Leben und Werk[Bearbeiten | Quelltext bearbeiten]

Marie von Rokitansky wurde als Tochter des Oberfinanzrates Joseph Weis, Ritter von Ostborn (1806–1904) und von Karoline Weis von Osborn geboren. Ihr Vater betätigte sich als dilettierender Geiger. Sie heiratete 1869 ihren Cousin Prokop Lothar Freiherr von Rokitansky (1843–1928), einen Arzt. Ihr Schwiegervater Carl von Rokitansky (1804–1878) war ein bekannter Pathologe, Politiker und Philosoph. Ihre Schwiegermutter und zugleich Tante, Schwester ihres Vaters, Marie Pauline (1806–1888), war als Sängerin in Erscheinung getreten. Zwei Brüder ihres Ehemannes (Hans und Viktor) wurden Opernsänger, ein weiterer Schwager war ebenfalls Arzt.[2] Ihr Ehemann, ein überzeugter Deutschnationaler, wurde 1877 als Ordinarius für Innere Medizin an die Medizinische Klinik in Innsbruck berufen.

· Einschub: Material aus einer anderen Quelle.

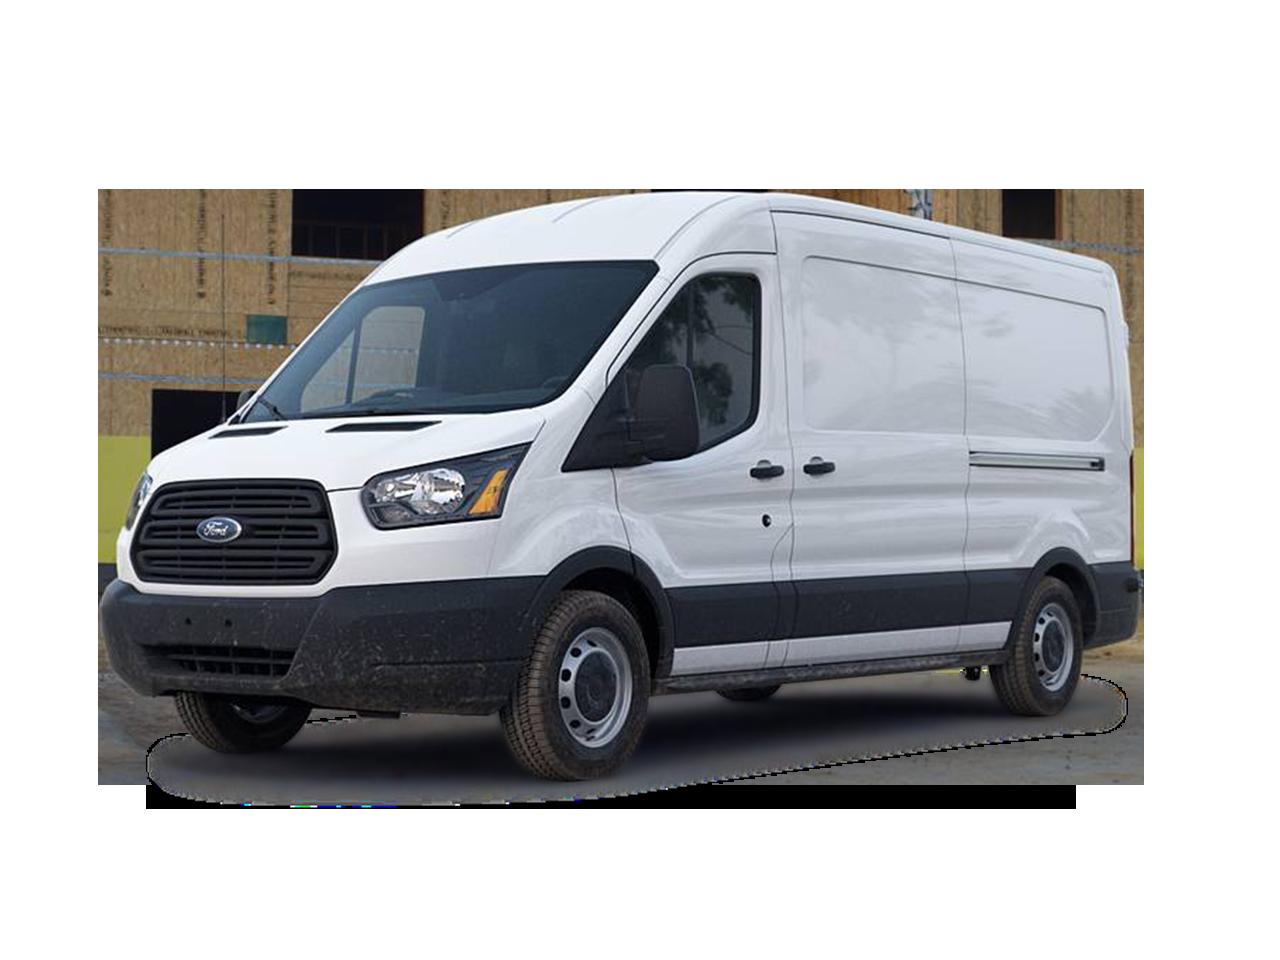 2018 Ford Transit  sc 1 st  Mossy Ford & 2018 Ford Transit | Info u0026 Pricing | Mossy Ford San Diego markmcfarlin.com
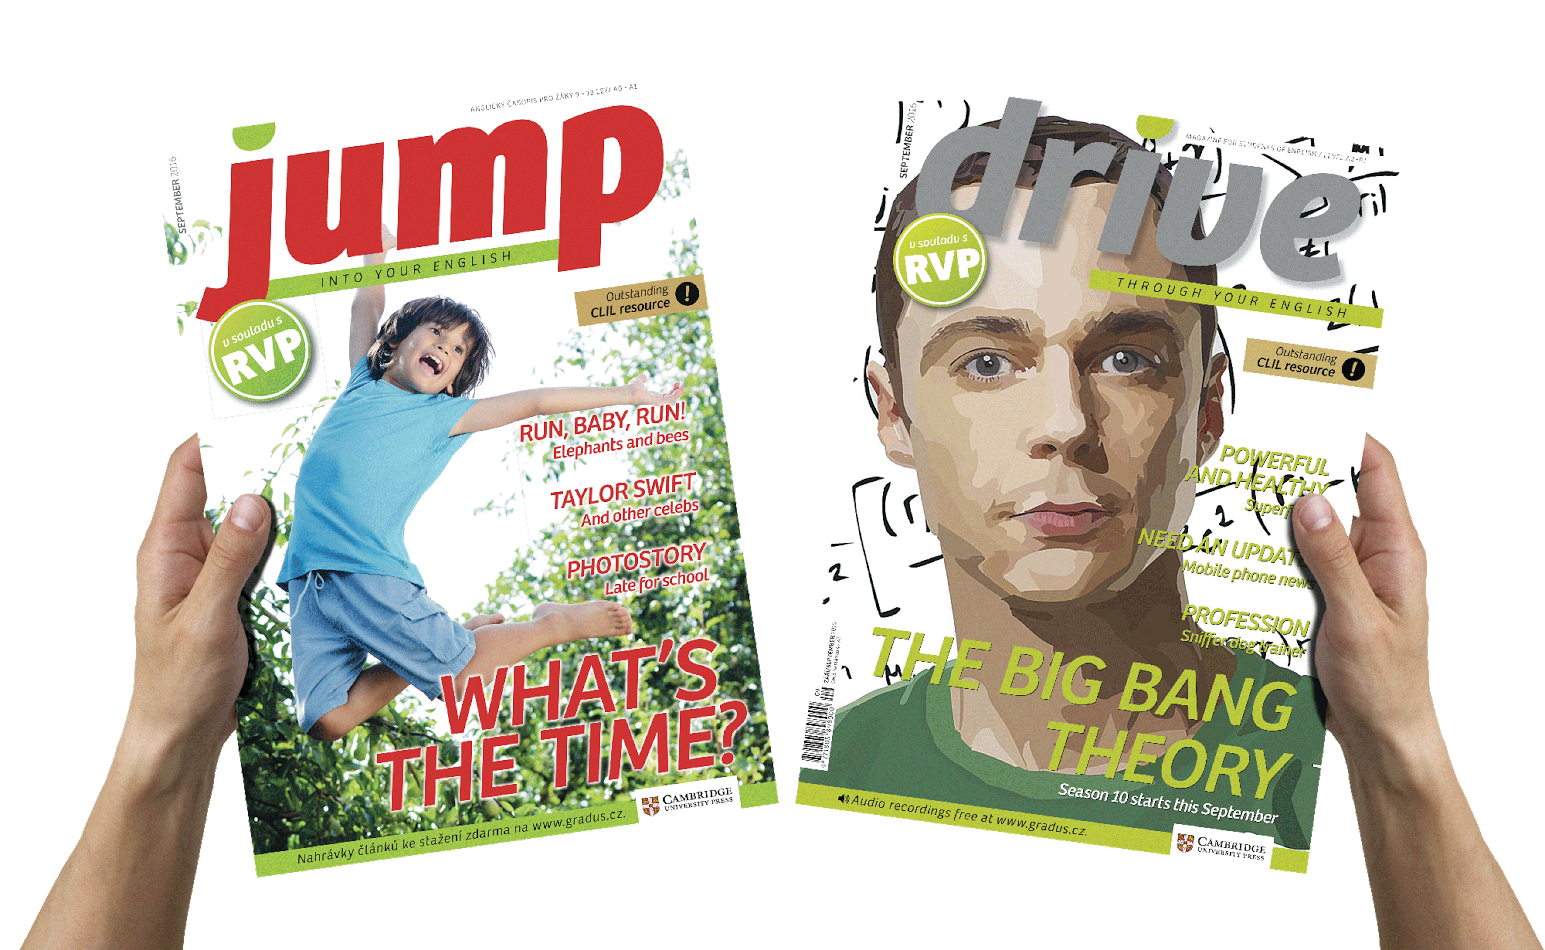 Drive magazine opened.

Die Ehe blieb kinderlos. In Innsbruck veröffentlichte Marie von Rokitansky 1897 ihr Kochbuch und betätigte sich auch karitativ. Sie wollte sich mit dem Buch nützlich machen, indem sie versuchte „jungen Hausfrauen, denen daran liegt, eine gute, schmackhafte, nicht allzu verkünstelte Zubereitung der Speisen durchzuführen, ein verläßlicher Ratgeber zu sein“. Das Kochbuch ist zugleich ein Beweis der Weltgewandtheit der Autorin als auch ihres Selbstbewusstseins, stellte sie doch darin die von ihr kreierte Rokitansky-Torte vor, eine exotische Schichttorte mit viel Obersschaum und Vanille, Erdbeeren-, Marillen- und Himbeeren-Salse, einer Schicht Datteln und darüber fein gehackten Pistazien. Das Buch ist umfangreich und ausführlich, es umfasst 613 Seiten einschließlich des ausführlichen Registers, welches allein 46 Seiten beansprucht.[3] Die Autorin gibt einen Überblick über die gebräuchlichen Begriffe und das zu verwendende Kochgeschirr, zeigt auf zwei Tafeln Kräuter und Schwämme, auf zwei weiteren Fische und dekliniert die Kochkunst von den Suppen bis zum Gefrorenen, wobei die Grenzen zwischen gutbürgerlicher und ländlicher Küche nicht immer streng gezogen wurden. Das Buch, welches 550 Rezepte und auch Umrechnungstabellen von Seidel, Lot und Pfund auf metrische Maße enthält, wurde in Wien und Paris ausgezeichnet und immer wieder nachgedruckt, mit zumindest 14 Auflagen bis 1929, zuletzt 2011 in einem Reprint.[4][5] Es ist ihrer Mutter gewidmet.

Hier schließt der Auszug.